Much of the panel’s discussion was focused on technological changes that might exacerbate this already-combustible situation. Narang took the lead in describing how India was acquiring the capabilities to pursue counterforce strikes (i.e., take out Pakistan’s nuclear arsenal in a preventive or more likely preemptive strike). These included advances in information, surveillance and reconnaissance capabilities to be able to track and target Islamabad’s strategic forces, as well as a missile-defense system that could take care of any missiles the first strike didn’t destroy. He also noted that India is pursuing a number of missile capabilities highly suited for counterforce missions, such as Multiple Independently Targetable Reentry Vehicles (MIRVs), Maneuverable Reentry Vehicles (MARVs) and the highly accurate BrahMos missiles that Dehli developed jointly with Russia. “BrahMos is one hell of a counterforce weapon,” even without nuclear warheads, Narang contended.

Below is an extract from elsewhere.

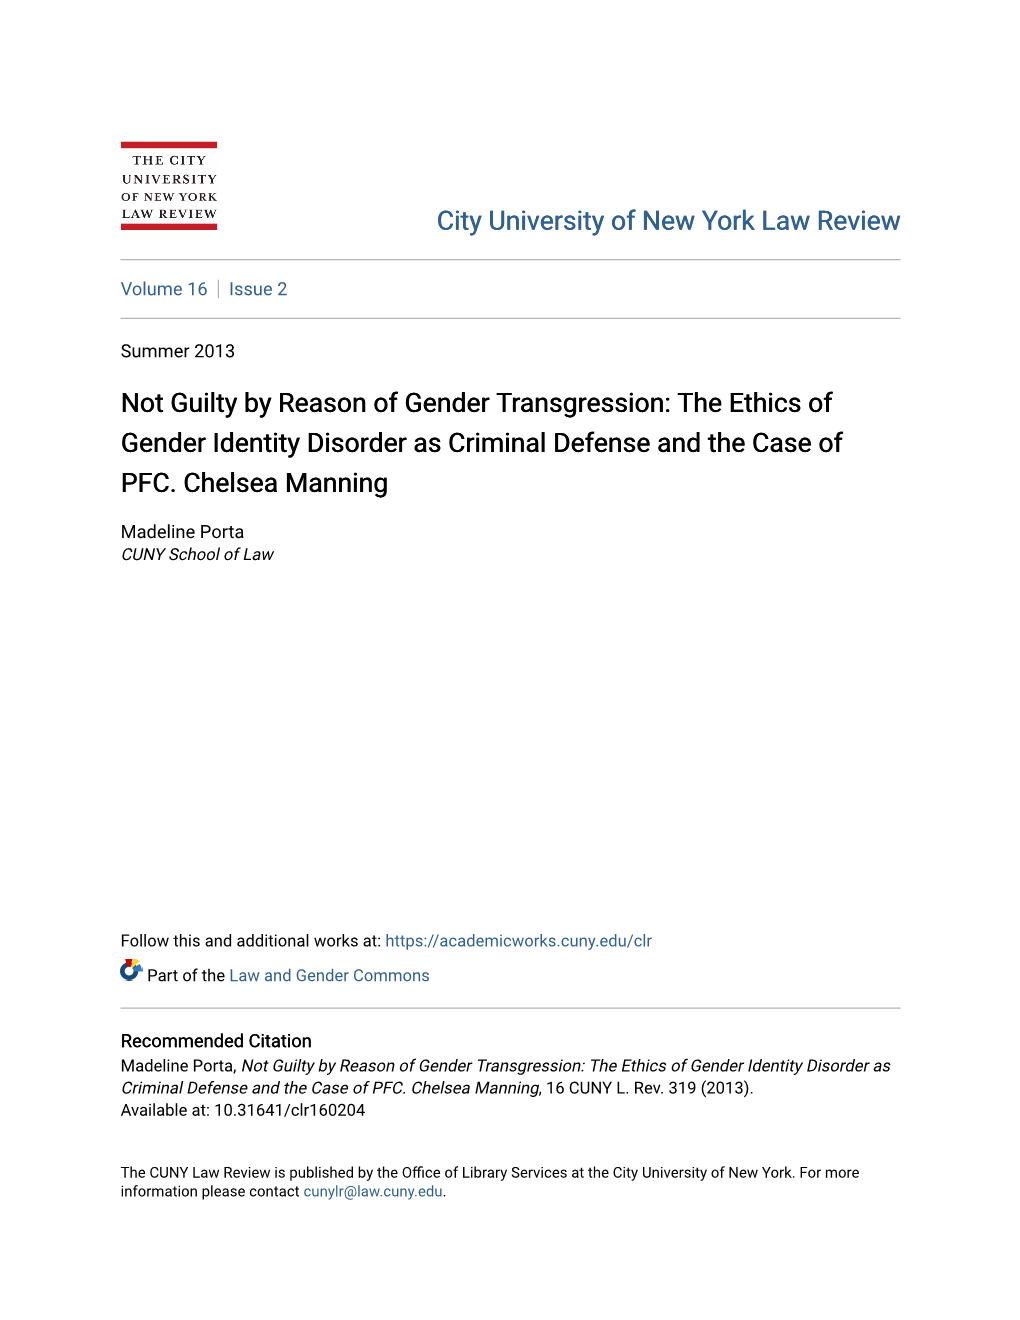 The Ethics of Gender Identity Disorder As Criminal Defense and the Case of PFC

As Narang himself admitted, there’s little reason to believe that India is abandoning its no-first-use nuclear doctrine in favor of a first-strike one. Still, keeping in mind Krepon’s point about miscalculation, that doesn’t mean that these technological changes don’t increase the potential for a nuclear war. It is not hard to imagine a scenario where the two sides stumble into a nuclear war that neither side wants. Perhaps the most plausible scenario would start with a Mumbai-style attack that Indian leaders decide they must respond to. In hopes of keeping the conflict limited to conventional weapons, Delhi might authorize limited punitive raids inside Pakistan, perhaps targeting some of the terrorist camps near the border. These attacks might be misinterpreted by Pakistani leaders, or else unintentionally cross Islamabad’s nuclear thresholds. In an attempt to deescalate by escalating, or else to halt what they believe is an Indian invasion, Pakistani leaders could use tactical nuclear weapons against the Indian troops inside Pakistan.

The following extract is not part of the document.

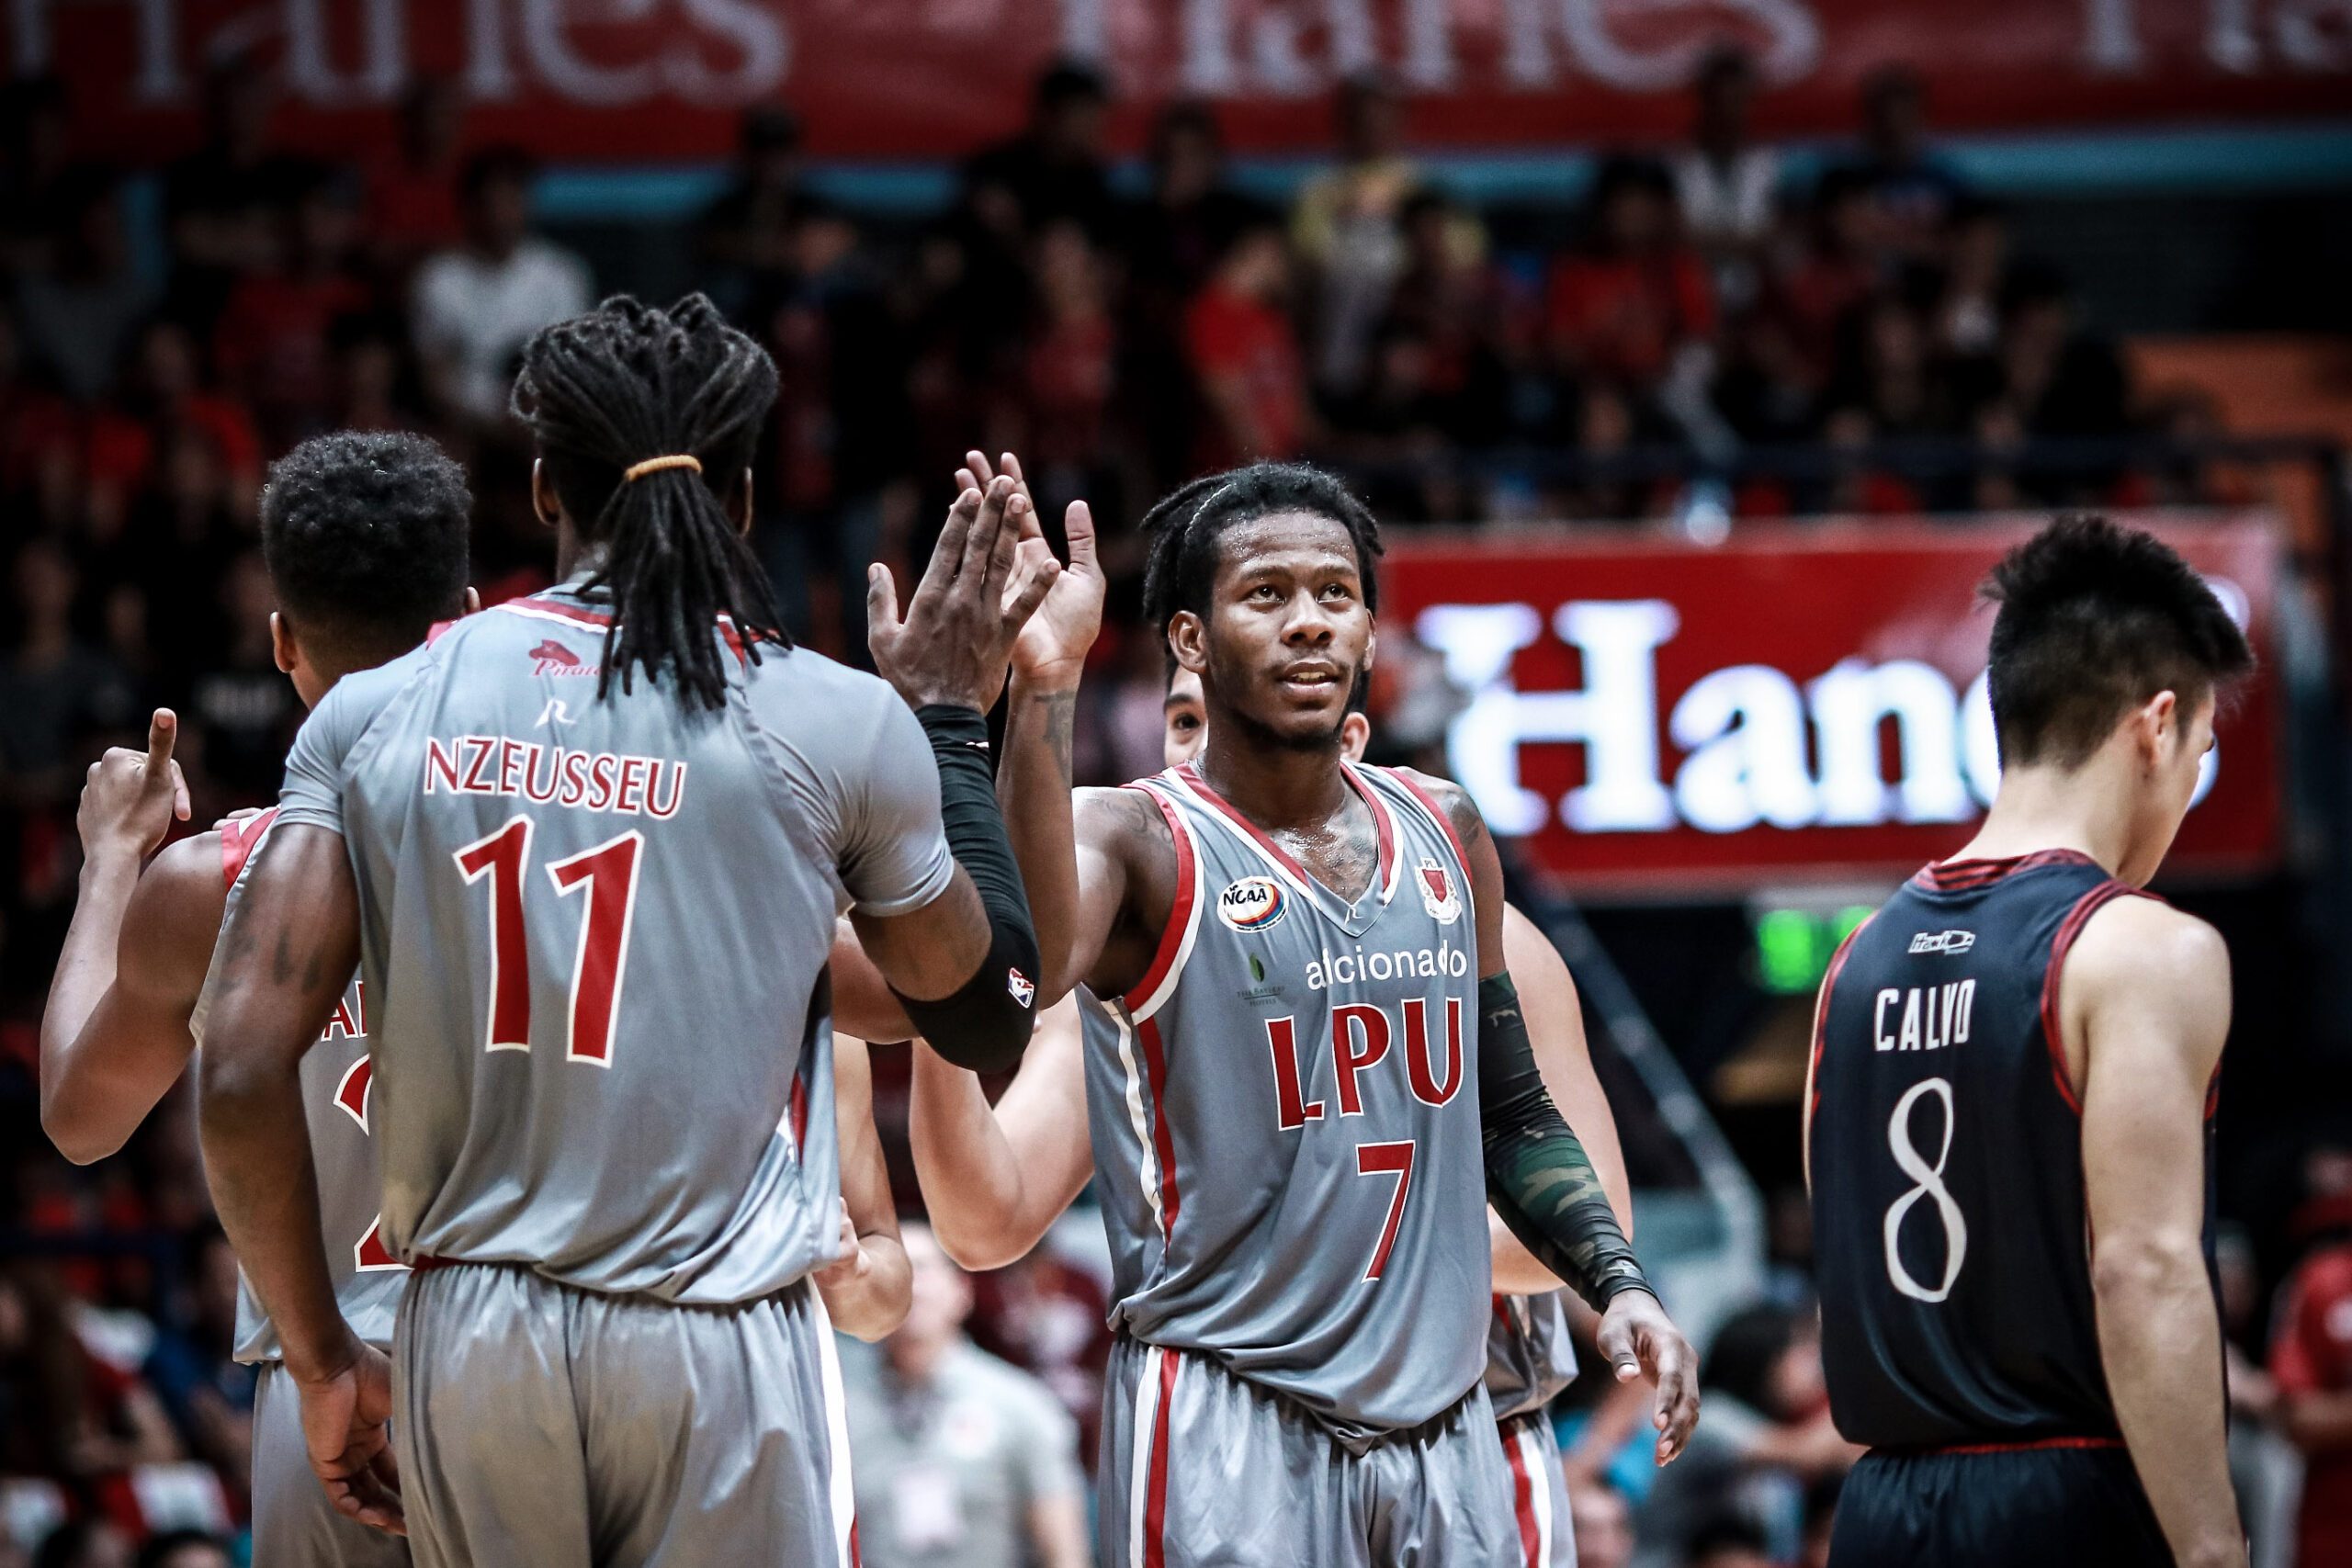 Lyceum overwhelms Letran, coasts to 2nd straight NCAA Finals

With nuclear weapons introduced, Delhi’s no-first-use doctrine no longer applies. Indian leaders, knowing they’d face incredible domestic pressure to respond, would also have no guarantee that Pakistani leaders didn’t intend to follow the tactical use of nuclear weapons with strategic strikes against Indian cities. Armed with what they believe is reasonable intelligence about the locations of Pakistan’s strategic forces, highly accurate missiles and MIRVs to target them, and a missile defense that has a shot at cleaning up any Pakistani missiles that survived the first strike, Indian leaders might be tempted to launch a counterforce first strike. As former Indian National Security Advisor Shivshankar Menon wrote in his memoirs (which Narang first drew people’s attention to at the Carnegie Nuclear Policy Conference in March): “India would hardly risk giving Pakistan the chance to carry out a massive nuclear strike after the Indian response to Pakistan using tactical nuclear weapons. In other words, Pakistani tactical nuclear weapon use would effectively free India to undertake a comprehensive first strike against Pakistan.”

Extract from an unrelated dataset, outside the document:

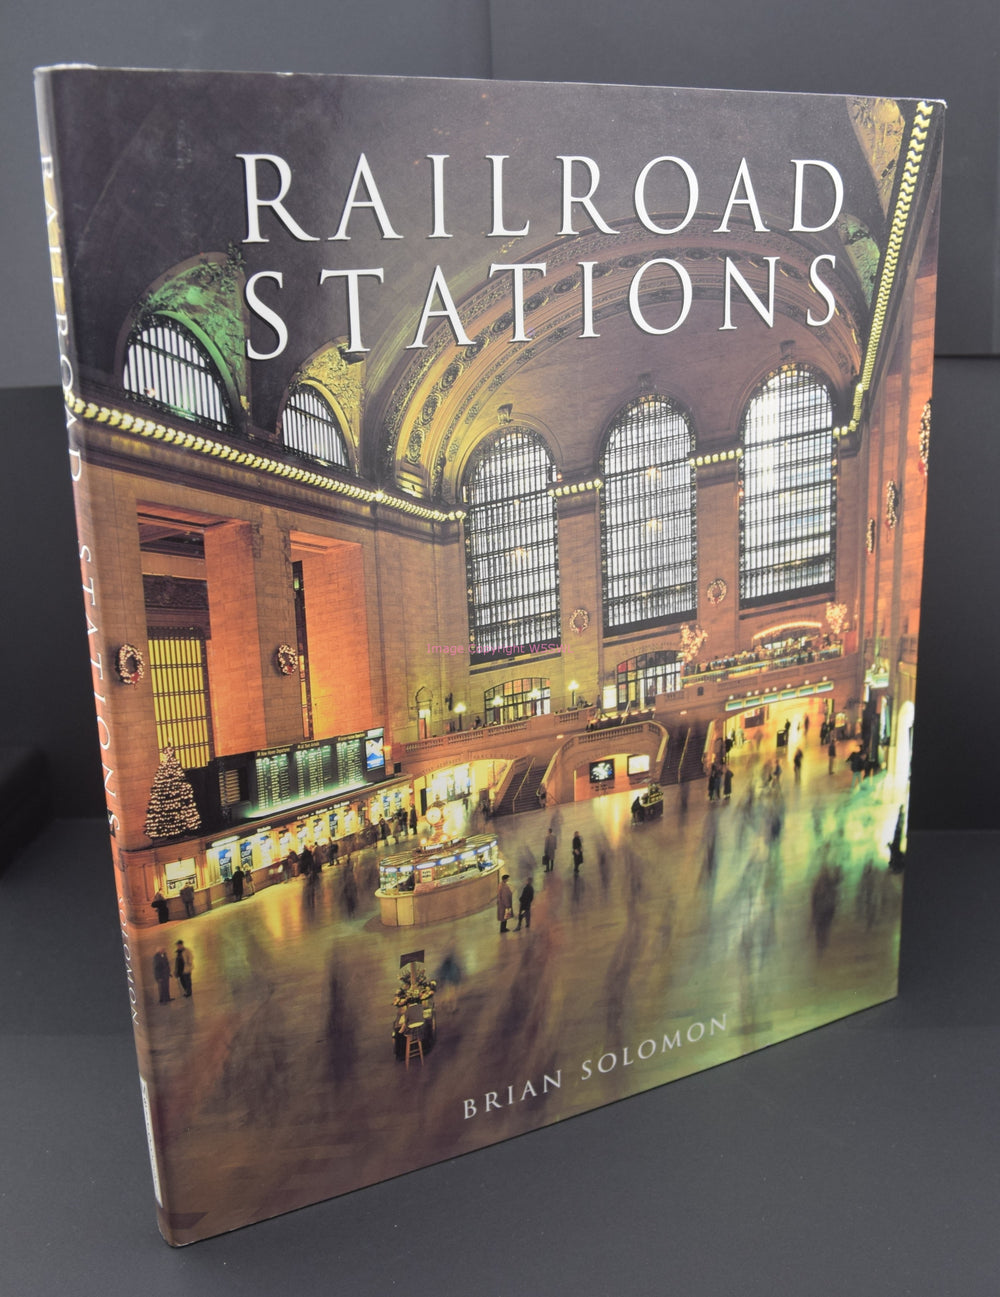 Railroad Stations by Brian Solomon - Dave's Hobby Shop by W5SWL

One factor Indian leaders would be forced to consider is how the other third of Asian nuclear triangle, China, would react. Although the Stimson Center event focused primarily on India and Pakistan, China has always been the primary focus of India’s nuclear program. Beijing is also a staunch if informal ally of Pakistan, with a growing economic stake in the country. It is this multipolarity that is the hallmark of the second nuclear age.